Antik yapılardan beton çağına sessiz geçiş

Antik mimari inancı ve anlamı taşa işlerken, modern mimari verimliliği ön plana aldı. Artık taş konuşmuyor, yalnızca yansıtıyor.

Abone Ol

Partenon, Ayasofya, Roma Anteonu, Angkor Wat gibi antik dönem yapıları yalnızca işlevsel değil; inanç, kudret ve anlamın taşa kazındığı sembollerdir.
Modern kentleşme ise aynı taş ve benzer hammadde ile betonarmeyi, aynı kutsallığın yerine “standartlaşmış endüstriyel üretimi” koymuştur.

Bu dönüşümün özünde, mimarlığın “insanı yansıtan” bir eylem olmaktan çıkıp, “insanı barındıran” bir endüstriye dönüşmesi yatmaktadır.

1923’te yayımlanmış ve Le Corbusier tarafından kaleme alınmış Vers une architecture adlı eserde modern bina “yaşamak için bir makine” olarak tanımlandığında aslında bu dönüşümün felsefi zemini kurulmuştur. O günden beri mimarlık, ritüel ve sanattan çok verimlilik üzerine inşa edildi.

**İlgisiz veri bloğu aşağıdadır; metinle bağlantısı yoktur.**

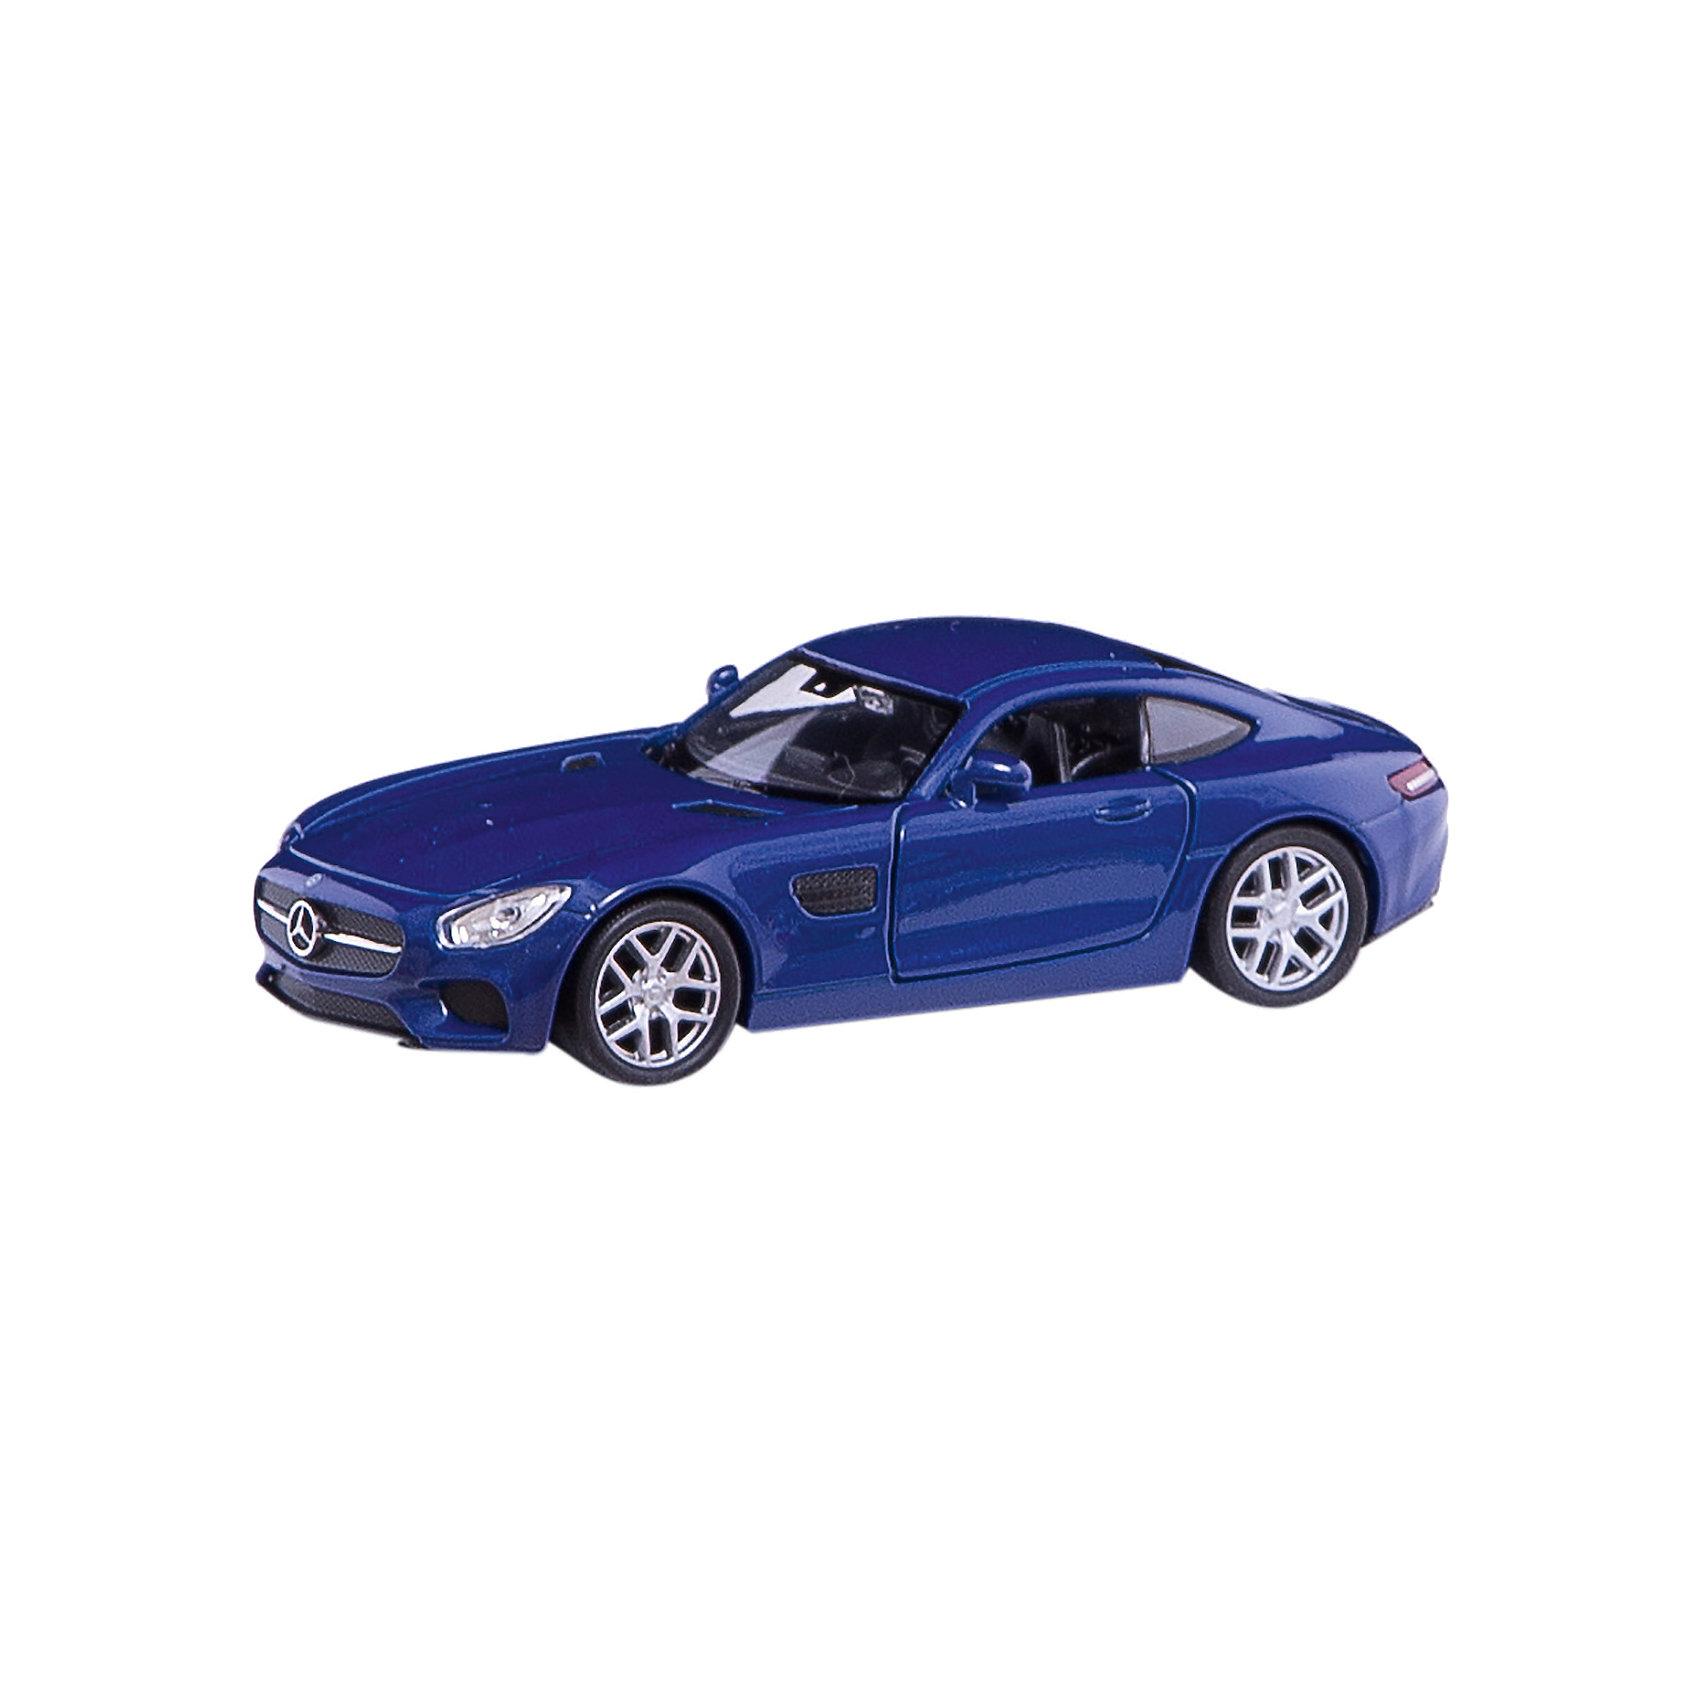 Модель машины 1:34-39 Mercedes-Benz AMG GT, WellyКоллекционные модели<br>Коллекционная модель машины 1:34-39 Mercedes-Benz AMG GT от производителя Welly (Велли). В ассортименте представлены коллекционные машины 4 цветов: белого, серебристого, красного и синего. Модели выполнены очень качественно, открываются двери и вращаются колеса, интерьер салона также тщательно детализирован. Машина представлена в цветовом ассортименте, доставка выбранного варианта в поставке не гарантирована.<br><br>Ширина мм: 150<br>Глубина мм: 120<br>Высота мм: 60<br>Вес г: 154<br>Возраст от месяцев: 36<br>Возраст до месяцев: 192<br>Пол: Мужской<br>Возраст: Детский<br>SKU: 4966549

Antik yapıların çoğu belirli bir kutsalı, düzeni veya metafizik fikri temsil ediyordu. Yunan tapınakları oran ve uyum ile evrenin matematiksel güzelliğini mimariye uyarlardı. Gotik katedraller ışığın kutsallığını taşın geometrisi ile bütünleştirirdi. Osmanlı mimarisinde Mimar Sinan, kubbeyi “göğün yansıması” olarak yorumlamış, dolayısıyla her yapı bir kozmos metaforu haline gelmiştir.

Bu yapıların amacı yalnızca inşa etmek değil, “varoluşu anlamlandırmaktı.” Bu yüzden antik mimari, yalnızca mühendisliğin değil aynı zamanda teoloji, felsefe ve estetiğin ortak ürünüydü.

Sanayi Devrimi ise mimarlığın kaderini belirleyen kırılma noktasıdır. Demiz, cam, beton gibi malzemelerin seri üretilebilir hale gelmesi ile birlikte “el emeği” kavramı, çoğunlukla yerini “makine hassasiyetine” bıraktı. Artık her sütun, kendinden daha büyük bir anlamın değilİ bir üretim kalıbının ürünüydü.

Walter Benjamin, Mekanik Yeniden Üretim Çağında Sanat Eseri adlı metninde “aura” kavramını ortaya atarak seri üretimin sanatı nasıl kutsallıktan arındırdığını belirtir. Bu kavram mimariye uyarlandığında ise “antik sütun kutsaldı, modern kolon seri üretimdir” denilebilir.

Sonuç olarak modern mimari anlam üretmeyi değil, işlevi maksimize etmeyi amaçlar hale geldi.

Ekonomik rasyonalizm ve mimarlığın endüstrileşmesi.
20. Yüzyılın ikinci yarısından itibaren kapitalist kentleşme süreçleri mimariyi sanatsal üretimden ekonomik rasyonalizme taşımış oldu.
Zaman, maliyet, enerji verimliliği, kompakt ve modüler tasarım öncelikli hale geldi.
Gelişen inşaat teknolojileri, bireysel estetikten çok sistematik üretim anlayışını destekledi.
“Sanatçı mimar” figürü yerini “proje yöneticisi”ne bıraktı.

Kısacası antik mimarlık “anlamların mekansallaştırılması” olgusunu taşırken, modern mimarlık “verimliliğin mekansallaştırılması”na evrildi.

Post-modern dönemde biçimin yeniden dirilişi
Robert Venturi, Frank Gehry, Daha Hadid gibi bir takım post-modern mimarlar, modernizmin düz ve genellikle minimal çizgilerini kırarak biçimlere yeniden ruh kazandirmak istediler. Heyhat bu “yeniden sanatsallaştırma” çabası bile çoğu zaman simülasyon düzeyinde kaldı. Jean Baudrillard’in deyimiyle modern mimarlik, artık hakikati temsil eden değil, hakikatin yerini alan bir simülakr üretmektedir.

Ruhu olmayan taşın sessizliği. Antik yapılar zamanın ötesinde bir sessizliğe sahipti; çünkü anlamları formun içine işlenmişti. Modern binalar ise gürültülü, hızlı ve çoğu zaman geçiciler. Günümüz mimarisi artık “sonsuzluğu temsil etmiyor”, “güncelliği barındırıyor”

Belki de bu yüzden çeliğin, camın ve betonun kusursuzluğu bize huzur değil, soğuk bir hayranlık hissi veriyor. Antik taşlar konuşurdu; modern cepheler ise sadece yansıtıyor.